I told her that I would consult her in every case before passing the order. There are some senior Judges who do not like their junior on the bench differing from them, but I was not one of them. On the bench we are equals in judicial matters, and her voice would carry as much weight as mine.
I told her that her that in the Allahabad High Court, I was once sitting with a senior Judge. He started passing orders without even consulting me. When I told him politely that he should consult me before passing orders, he got offended. I told him that then what was the purpose of my being on the bench ? Was I there only for signing orders which had been passed by him ?

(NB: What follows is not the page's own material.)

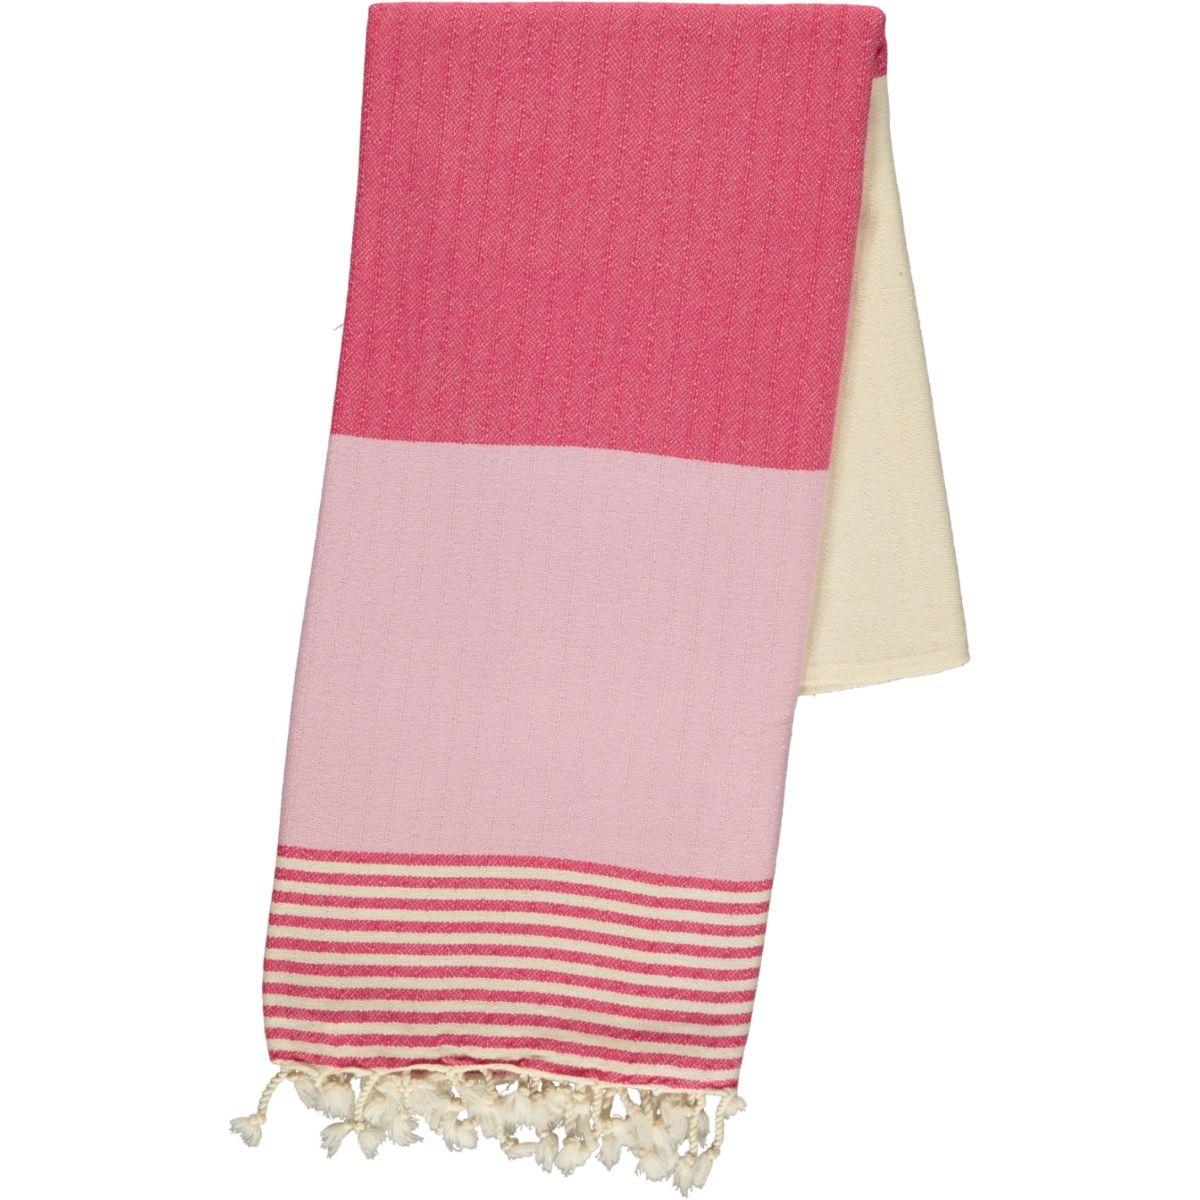 Peshtemal Twin Sultan - Fuchsia / Rose Pink

I also told Justice Mishra that she had the right to put questions to the lawyer arguing a case, or express her own views in a case, directly. Some senior Judges are upset if the junior Judge on the bench asks questions to the lawyer or makes a comment directly, and they insist that if the junior has a question to ask, or some comment to make, he should tell it to the senior Judge, and the senior would do it. But I do not see why the junior Judge cannot do so directly.
When I had recently become a Judge of the Supreme Court, and was the juniormost Judge of the Court, I was sitting with a very senior Judge. In some cases I asked questions directly to the lawyer, or stated my views directly. This apparently so upset my senior that soon thereafter my bench was changed. Perhaps he went to the Chief Justice and told him that he would not like to sit with me.
Justice Mishra expressed her gratitude to me. She said that no senior Judge in the High Court or Supreme Court had ever spoken to her in such a gracious manner. Thereafter, our bench functioned very smoothly, and I would always respect her views, and sometimes even changed my view when I realized that she was right and I was wrong.